Опасность, угрожавшая беззащитной Виоле, придала ей смелости, и она ответила:
– Я одинока и слаба, вы сильны и имеете в своем распоряжении негодяев, готовых совершить любое злодейство, которое подскажет ваше воображение. Мне нет дела ни до Мондольфо, ни до титула, ни до владений, но я никогда – о, никогда, никогда! – не отрекусь от моего Лудовико; никогда не отступлюсь от наших взаимных обещаний. Отринутая от него, я стану его разыскивать, пусть даже босая и голодная, по всему свету. Он мой благодаря той любви, которую ему было угодно испытать ко мне; а я его благодаря чувству преданности и неизменной привязанности, которое теперь воодушевляет мой голос. Разделите нас – мы встретимся вновь, и ничем, кроме могилы, вы не сумеете нас разлучить.

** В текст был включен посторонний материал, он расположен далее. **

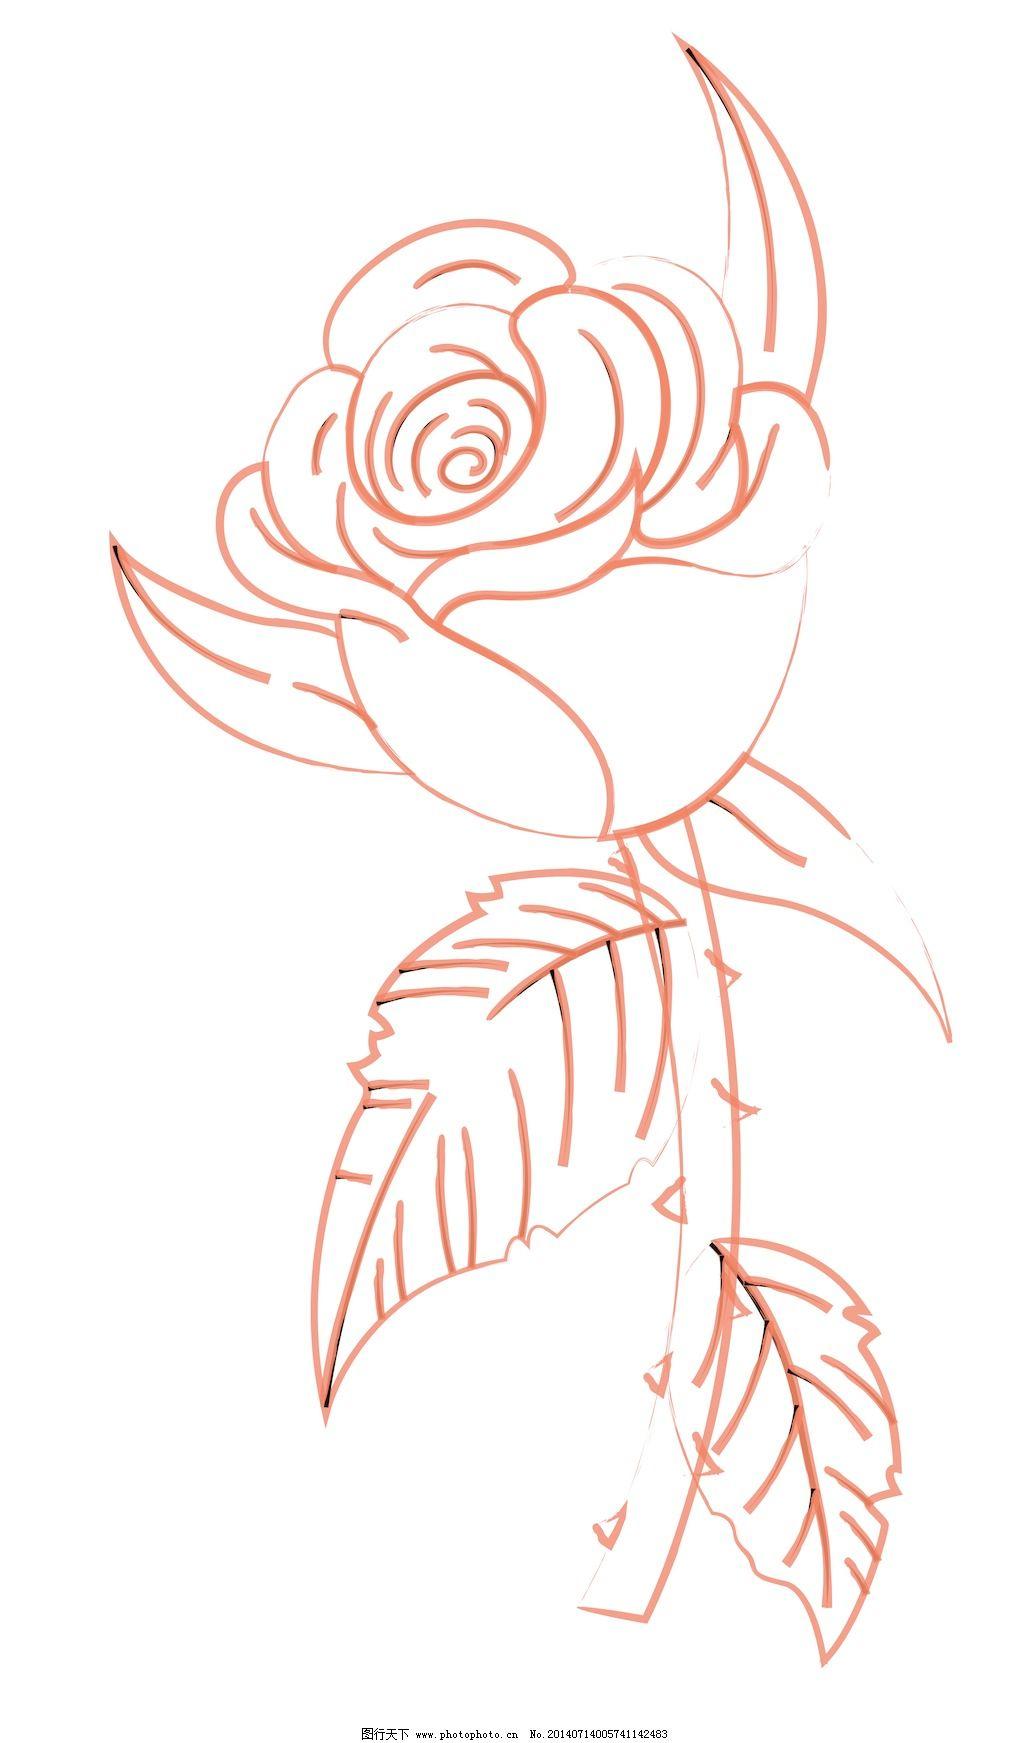 简笔画 设计 矢量 矢量图 手绘 素材 线稿 1024_1743 竖版 竖屏图片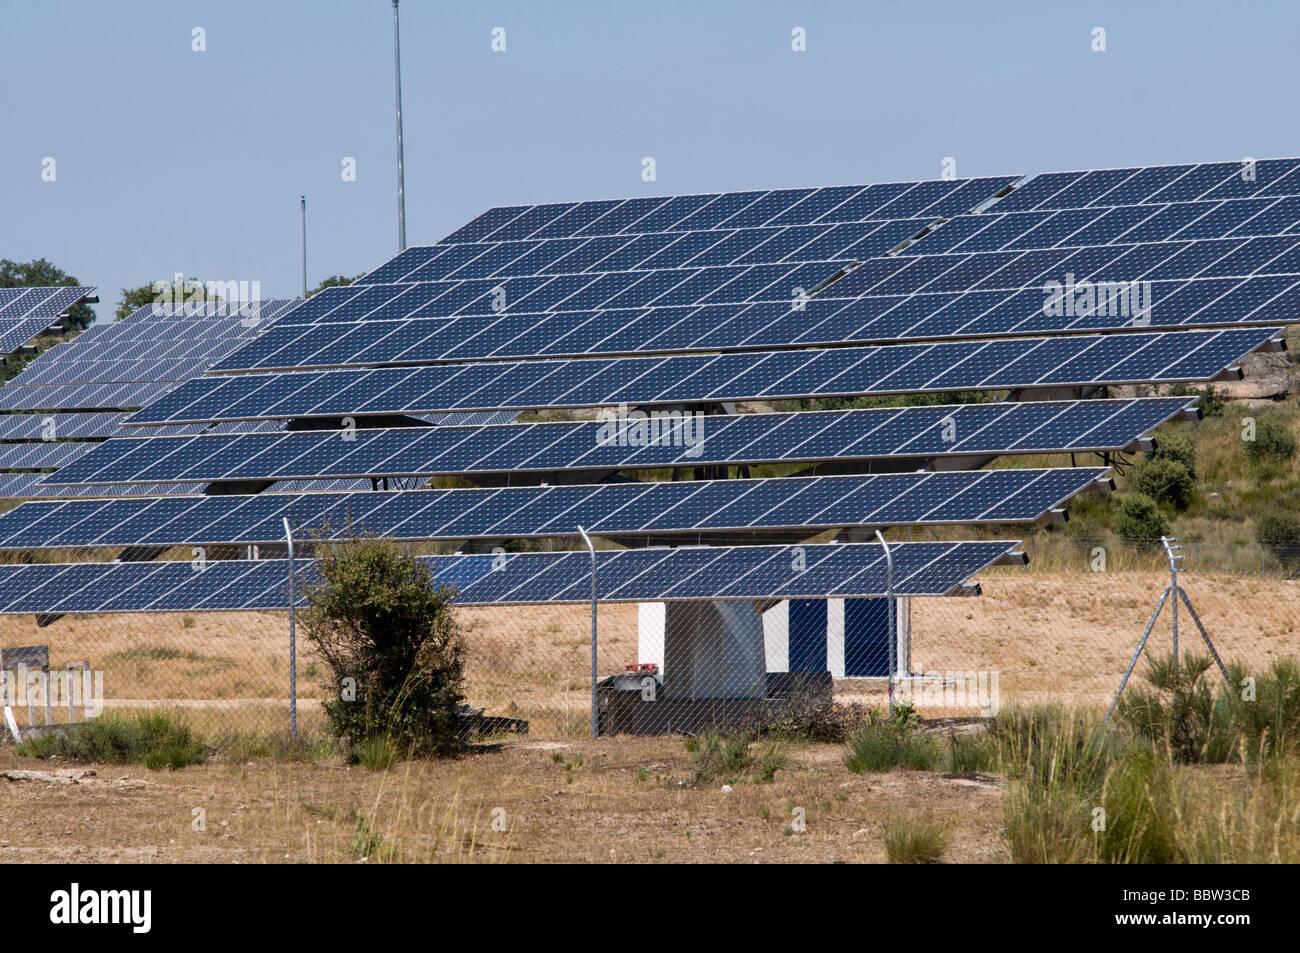 Centre de l'énergie solaire dans la province de Zamora, Espagne Photo Stock

Фернандо презрительно усмехнулся.
– А ваш мальчик? – сказал он, указывая на дитя. – Неужели вы поведете его, безвинного агнца, к закланию на алтаре вашей любви и сами вонзите нож в сердце жертвы?
Губы Виолы вновь побледнели, она обняла мальчика и выкрикнула почти нечленораздельно:
– Есть Бог на небесах!
Фернандо удалился, и вскоре в домик вошли люди, один из которых накинул плащ на Виолу и ее мальчика и, выволокши их из домика, положил на некое подобие носилок, после чего кавалькада молча тронулась в путь. Виола издала пронзительный крик, когда увидела своих врагов, но, сознавая их могущество и собственное бессилие, тотчас умолкла. Лежа на носилках, она тщетно порывалась высвободиться из плаща, в который была закутана, а потом принялась успокаивать ребенка, испуганного непривычными обстоятельствами и издававшего пронзительные крики. Наконец он уснул, и Виола, окруженная темнотой и исполненная страха, не имея средства подкрепить свое мужество или надежду, почувствовала, что смелость покинула ее, и долго плакала от отчаяния и горя. Она подумала о Лудовико и о том, какова будет его скорбь, и ее слезы полились с удвоенной силой. Надежды не осталось, ибо ее враги беспощадны, ее дитя будет отнято у нее, и монастырь станет ее темницей. Таковы были образы, постоянно являвшиеся Виоле; они подавляли ее решимость и повергали ее в страх и уныние.
Кавалькада въехала в Салерно, и шум моря возвестил бедной Виоле, что они находятся на побережье.
– О, горькие волны! – воскликнула она. – Мои слезы горьки, как вы, и скоро они смешаются с вами!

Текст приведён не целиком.